Research Area: Peer-to-peer computing
Status: Finished Degree: Phd
Directors: Students:
Proposed start date: 2013-03-01 Proposed end date: 2017-01-17
Digital version

With the ever increasing Internet traffic, peer-to-peer (P2P) content distribution has emerged as an alternative to the traditional client-server model, especially with the recent bandwidth soar on the edges of the Internet. Data centers with limited bandwidth budget can benefit from the upload speed of the clients interested in the same content to improve the overall Quality of Service (QoS). This can be done by introducing a P2P protocol, BitTorrent for instance, when the load on a certain content becomes high.

The main challenge is to decide when is the best time to switch from the classic distribution protocol (HTTP) to BitTorrent, for each requested file. In fact, it is commonly assumed that BitTorrent is only efficient with big files and large sets of users, and that client-server protocols (including HTTP) perform better in the distribution of small files. However, to the best of our knowledge, there is no concrete analytic analysis of the transition point in efficiency between BitTorrent and HTTP. Our first contribution consists in the investigation of this transition point and the proposal of an algorithm that provides a simple switching strategy based on the QoS requirements of the system.

As a result from the introduction of BitTorrent, the data center will be faced with the challenge of managing its resources among clients that can be using different download protocols (HTTP and BitTorrent). To this extent, we calculate the amount of data center bandwidth needed to ensure a given ratio between the download times in HTTP and BitTorrent and propose a bandwidth allocation algorithm that decides the most suitable protocol for each case and provides the corresponding bandwidth allocations at the swarm level.
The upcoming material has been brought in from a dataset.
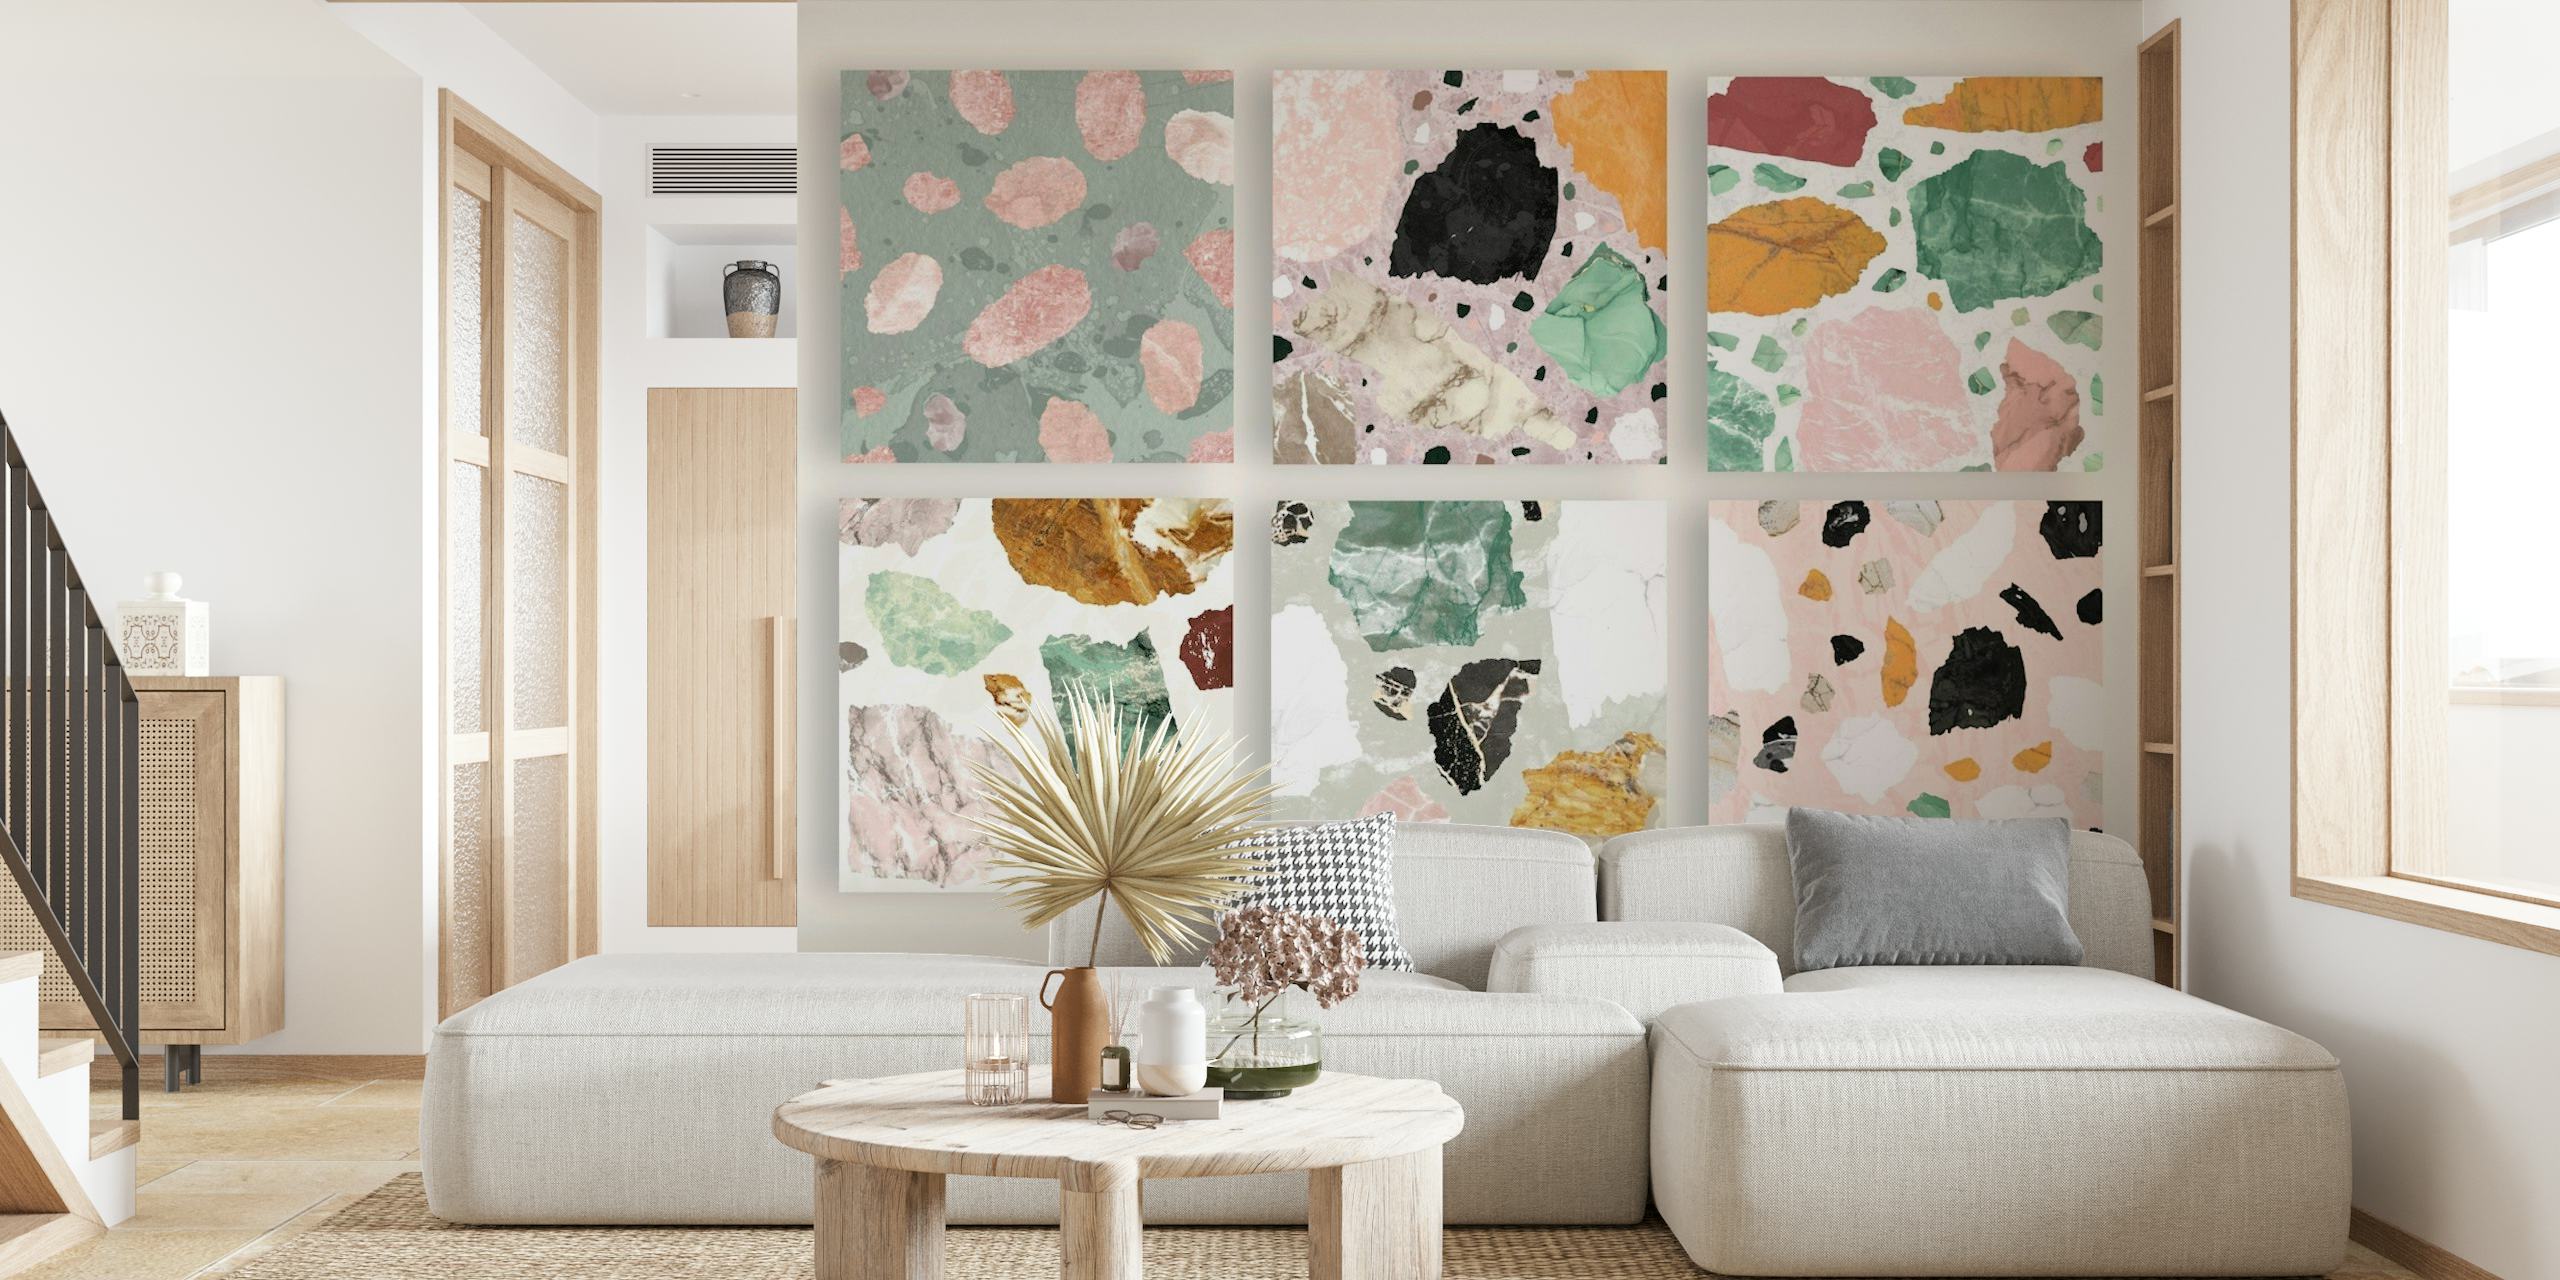 Heartstone pink abstract collage wall mural with pink, green, and black hues.

Nevertheless, the benefits that can be derived from the introduction of BitTorrent are tied with the number of simultaneous download requests of the same content. This number can be very limited in comparison with the number of separate download requests related to different files.To increase the contribution of the clients and benefit from the resources of peers involved in separate downloads, it is possible to make clients from different swarms cooperate with their spare bandwidth. We propose cross-swarm bundling to mitigate the problem of lack of simultaneous download requests. Cross-swarm bundling is the process of merging two swarms together into a single one. We prove that this technique can have a positive effect on the Quality of Experience (QoE), and present a methodology to implement bundling in data centers based on graph matching techniques.

All our proposals are evaluated using a trace of a Personal Cloud (Ubuntu One), and the results show that BitTorrent is can improve the performance of these systems when the cloud’s available outgoing bandwidth is limited.